What you need to do:
Each line of the data below that contains "écran" must be copied.

[[ Data to examine, beginning ]]

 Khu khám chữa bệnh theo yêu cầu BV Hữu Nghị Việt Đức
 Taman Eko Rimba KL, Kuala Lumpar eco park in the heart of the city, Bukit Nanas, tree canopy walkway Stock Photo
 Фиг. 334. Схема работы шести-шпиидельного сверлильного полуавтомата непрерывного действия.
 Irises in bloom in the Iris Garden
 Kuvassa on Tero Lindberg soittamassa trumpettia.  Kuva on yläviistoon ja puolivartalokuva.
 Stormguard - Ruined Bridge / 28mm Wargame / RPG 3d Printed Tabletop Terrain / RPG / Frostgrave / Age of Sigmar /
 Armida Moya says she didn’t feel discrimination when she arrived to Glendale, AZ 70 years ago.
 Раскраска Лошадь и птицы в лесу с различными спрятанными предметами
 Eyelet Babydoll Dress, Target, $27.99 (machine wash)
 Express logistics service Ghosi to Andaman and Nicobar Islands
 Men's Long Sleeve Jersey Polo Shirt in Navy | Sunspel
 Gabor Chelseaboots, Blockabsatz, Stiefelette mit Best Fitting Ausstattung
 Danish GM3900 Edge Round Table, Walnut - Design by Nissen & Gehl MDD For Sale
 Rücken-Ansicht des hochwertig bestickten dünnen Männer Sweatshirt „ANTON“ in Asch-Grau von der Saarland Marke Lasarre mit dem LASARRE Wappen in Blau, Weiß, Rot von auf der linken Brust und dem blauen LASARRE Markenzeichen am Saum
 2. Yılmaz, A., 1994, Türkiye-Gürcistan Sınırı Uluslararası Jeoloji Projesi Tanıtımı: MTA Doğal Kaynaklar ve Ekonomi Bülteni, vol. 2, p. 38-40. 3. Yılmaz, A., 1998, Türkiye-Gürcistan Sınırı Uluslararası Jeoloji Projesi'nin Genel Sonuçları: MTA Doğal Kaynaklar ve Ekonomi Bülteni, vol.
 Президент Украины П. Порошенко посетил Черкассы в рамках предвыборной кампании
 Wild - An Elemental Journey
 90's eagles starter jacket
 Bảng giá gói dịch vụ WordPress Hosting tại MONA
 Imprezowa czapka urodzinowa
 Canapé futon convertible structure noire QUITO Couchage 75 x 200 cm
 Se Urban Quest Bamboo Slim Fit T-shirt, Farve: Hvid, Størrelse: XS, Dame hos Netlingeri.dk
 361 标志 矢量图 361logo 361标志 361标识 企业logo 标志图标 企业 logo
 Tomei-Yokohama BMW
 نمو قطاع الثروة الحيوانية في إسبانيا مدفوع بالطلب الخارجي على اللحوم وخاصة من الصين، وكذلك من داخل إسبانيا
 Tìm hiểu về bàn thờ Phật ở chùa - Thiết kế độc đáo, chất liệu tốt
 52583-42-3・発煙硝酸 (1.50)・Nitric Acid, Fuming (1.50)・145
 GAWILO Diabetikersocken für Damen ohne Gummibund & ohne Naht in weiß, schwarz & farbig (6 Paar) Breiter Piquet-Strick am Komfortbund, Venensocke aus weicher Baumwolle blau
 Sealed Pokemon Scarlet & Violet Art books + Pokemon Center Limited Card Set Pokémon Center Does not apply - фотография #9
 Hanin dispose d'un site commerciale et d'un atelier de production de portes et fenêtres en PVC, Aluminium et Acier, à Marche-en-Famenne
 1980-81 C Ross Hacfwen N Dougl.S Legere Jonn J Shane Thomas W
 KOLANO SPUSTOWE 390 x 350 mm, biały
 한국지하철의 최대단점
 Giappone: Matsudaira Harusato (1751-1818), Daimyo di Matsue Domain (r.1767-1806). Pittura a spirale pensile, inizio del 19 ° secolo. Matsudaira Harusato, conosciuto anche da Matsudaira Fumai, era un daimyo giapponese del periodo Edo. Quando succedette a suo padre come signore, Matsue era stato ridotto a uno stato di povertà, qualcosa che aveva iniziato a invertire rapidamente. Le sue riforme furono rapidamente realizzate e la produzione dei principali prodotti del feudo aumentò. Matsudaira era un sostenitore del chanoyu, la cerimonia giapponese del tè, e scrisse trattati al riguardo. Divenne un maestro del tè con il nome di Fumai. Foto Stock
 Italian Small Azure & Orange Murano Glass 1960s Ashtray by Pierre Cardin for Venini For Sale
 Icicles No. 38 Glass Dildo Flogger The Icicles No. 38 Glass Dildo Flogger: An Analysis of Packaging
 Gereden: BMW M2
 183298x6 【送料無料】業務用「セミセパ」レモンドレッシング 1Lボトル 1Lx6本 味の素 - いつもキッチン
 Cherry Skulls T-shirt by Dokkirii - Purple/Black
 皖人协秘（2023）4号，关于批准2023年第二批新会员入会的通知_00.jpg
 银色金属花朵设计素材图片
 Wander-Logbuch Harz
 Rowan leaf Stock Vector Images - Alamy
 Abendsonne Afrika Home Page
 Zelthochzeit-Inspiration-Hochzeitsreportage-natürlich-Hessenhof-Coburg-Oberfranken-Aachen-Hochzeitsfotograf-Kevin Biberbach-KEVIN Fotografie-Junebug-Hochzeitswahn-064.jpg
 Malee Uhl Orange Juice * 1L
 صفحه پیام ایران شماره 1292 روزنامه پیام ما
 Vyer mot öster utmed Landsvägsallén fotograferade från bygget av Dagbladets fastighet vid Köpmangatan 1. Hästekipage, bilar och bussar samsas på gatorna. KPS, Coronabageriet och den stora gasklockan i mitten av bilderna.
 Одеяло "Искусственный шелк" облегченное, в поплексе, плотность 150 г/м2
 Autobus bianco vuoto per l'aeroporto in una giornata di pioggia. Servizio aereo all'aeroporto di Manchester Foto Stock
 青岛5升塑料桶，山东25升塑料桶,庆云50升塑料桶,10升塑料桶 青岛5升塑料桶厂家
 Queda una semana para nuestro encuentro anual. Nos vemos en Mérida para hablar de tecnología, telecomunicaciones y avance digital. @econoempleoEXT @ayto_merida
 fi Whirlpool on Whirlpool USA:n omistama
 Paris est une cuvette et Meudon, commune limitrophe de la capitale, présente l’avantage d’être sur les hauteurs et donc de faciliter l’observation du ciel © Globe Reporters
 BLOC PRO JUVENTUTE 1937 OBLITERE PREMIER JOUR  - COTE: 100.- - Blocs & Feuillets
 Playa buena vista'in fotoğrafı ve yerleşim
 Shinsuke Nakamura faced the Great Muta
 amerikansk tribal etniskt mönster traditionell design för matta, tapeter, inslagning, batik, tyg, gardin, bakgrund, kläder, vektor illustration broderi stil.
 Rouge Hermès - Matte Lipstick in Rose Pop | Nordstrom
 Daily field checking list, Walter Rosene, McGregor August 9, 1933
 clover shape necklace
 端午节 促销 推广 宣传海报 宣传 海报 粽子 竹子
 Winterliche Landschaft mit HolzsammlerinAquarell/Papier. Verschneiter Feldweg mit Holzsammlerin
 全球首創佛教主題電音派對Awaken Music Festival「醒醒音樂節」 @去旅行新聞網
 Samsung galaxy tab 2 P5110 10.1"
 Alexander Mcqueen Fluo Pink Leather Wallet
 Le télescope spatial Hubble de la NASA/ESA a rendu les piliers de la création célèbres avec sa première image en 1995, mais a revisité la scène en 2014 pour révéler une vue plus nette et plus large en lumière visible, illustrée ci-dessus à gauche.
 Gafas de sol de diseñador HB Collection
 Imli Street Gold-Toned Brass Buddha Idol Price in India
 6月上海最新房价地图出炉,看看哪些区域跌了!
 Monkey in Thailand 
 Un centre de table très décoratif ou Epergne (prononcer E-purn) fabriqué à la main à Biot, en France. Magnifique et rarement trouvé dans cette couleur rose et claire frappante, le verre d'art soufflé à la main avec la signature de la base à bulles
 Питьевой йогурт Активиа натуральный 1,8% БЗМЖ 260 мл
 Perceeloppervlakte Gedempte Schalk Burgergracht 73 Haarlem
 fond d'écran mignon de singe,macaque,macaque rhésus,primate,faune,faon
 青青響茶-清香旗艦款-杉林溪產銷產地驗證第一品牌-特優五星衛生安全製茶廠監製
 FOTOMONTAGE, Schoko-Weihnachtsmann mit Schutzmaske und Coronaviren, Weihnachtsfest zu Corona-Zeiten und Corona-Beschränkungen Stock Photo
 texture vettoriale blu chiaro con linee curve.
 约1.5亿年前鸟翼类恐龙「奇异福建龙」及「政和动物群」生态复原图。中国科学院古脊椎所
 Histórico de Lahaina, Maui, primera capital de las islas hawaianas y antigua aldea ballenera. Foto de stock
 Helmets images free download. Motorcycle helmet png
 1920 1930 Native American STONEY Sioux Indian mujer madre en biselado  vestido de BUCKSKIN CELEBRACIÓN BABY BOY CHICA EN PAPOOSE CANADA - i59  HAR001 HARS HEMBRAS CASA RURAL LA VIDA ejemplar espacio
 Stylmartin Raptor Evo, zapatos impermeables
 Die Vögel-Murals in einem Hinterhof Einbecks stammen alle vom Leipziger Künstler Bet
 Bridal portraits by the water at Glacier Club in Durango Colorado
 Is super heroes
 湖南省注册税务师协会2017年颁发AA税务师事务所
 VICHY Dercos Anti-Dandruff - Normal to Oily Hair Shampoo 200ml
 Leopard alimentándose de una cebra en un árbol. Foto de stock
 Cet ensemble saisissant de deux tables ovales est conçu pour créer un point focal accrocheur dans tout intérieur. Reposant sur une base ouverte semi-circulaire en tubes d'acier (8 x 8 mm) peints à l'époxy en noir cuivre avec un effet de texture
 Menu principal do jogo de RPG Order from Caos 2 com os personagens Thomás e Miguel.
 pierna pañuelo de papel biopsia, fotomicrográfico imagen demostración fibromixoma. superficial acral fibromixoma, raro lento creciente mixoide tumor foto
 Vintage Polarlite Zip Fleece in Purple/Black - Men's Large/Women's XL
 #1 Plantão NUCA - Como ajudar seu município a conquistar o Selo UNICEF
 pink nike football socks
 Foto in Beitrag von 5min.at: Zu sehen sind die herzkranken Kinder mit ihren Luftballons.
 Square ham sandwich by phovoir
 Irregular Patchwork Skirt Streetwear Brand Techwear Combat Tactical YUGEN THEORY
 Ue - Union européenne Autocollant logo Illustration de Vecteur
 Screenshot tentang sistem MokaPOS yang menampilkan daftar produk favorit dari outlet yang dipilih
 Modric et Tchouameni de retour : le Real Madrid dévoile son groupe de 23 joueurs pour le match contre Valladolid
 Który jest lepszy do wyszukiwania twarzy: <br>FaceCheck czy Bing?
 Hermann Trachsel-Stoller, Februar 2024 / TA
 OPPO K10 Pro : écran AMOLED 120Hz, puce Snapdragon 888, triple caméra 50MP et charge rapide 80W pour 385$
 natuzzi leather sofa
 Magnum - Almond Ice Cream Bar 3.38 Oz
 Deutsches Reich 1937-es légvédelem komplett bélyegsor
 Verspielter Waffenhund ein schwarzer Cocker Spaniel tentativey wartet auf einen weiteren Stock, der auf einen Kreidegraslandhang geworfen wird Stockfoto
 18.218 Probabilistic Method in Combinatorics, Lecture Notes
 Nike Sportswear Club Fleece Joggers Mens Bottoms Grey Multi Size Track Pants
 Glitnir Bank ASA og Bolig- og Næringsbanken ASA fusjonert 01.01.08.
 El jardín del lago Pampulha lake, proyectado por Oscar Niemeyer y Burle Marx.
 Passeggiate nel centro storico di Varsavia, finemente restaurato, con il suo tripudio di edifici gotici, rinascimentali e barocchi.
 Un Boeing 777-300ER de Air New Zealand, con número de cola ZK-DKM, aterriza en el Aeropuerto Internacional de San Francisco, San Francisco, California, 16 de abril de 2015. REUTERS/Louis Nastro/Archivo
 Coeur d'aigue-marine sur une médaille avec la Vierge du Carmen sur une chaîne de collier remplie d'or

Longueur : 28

[[ Data to examine, end ]]

Written solution:
 fond d'écran mignon de singe,macaque,macaque rhésus,primate,faune,faon
 OPPO K10 Pro : écran AMOLED 120Hz, puce Snapdragon 888, triple caméra 50MP et charge rapide 80W pour 385$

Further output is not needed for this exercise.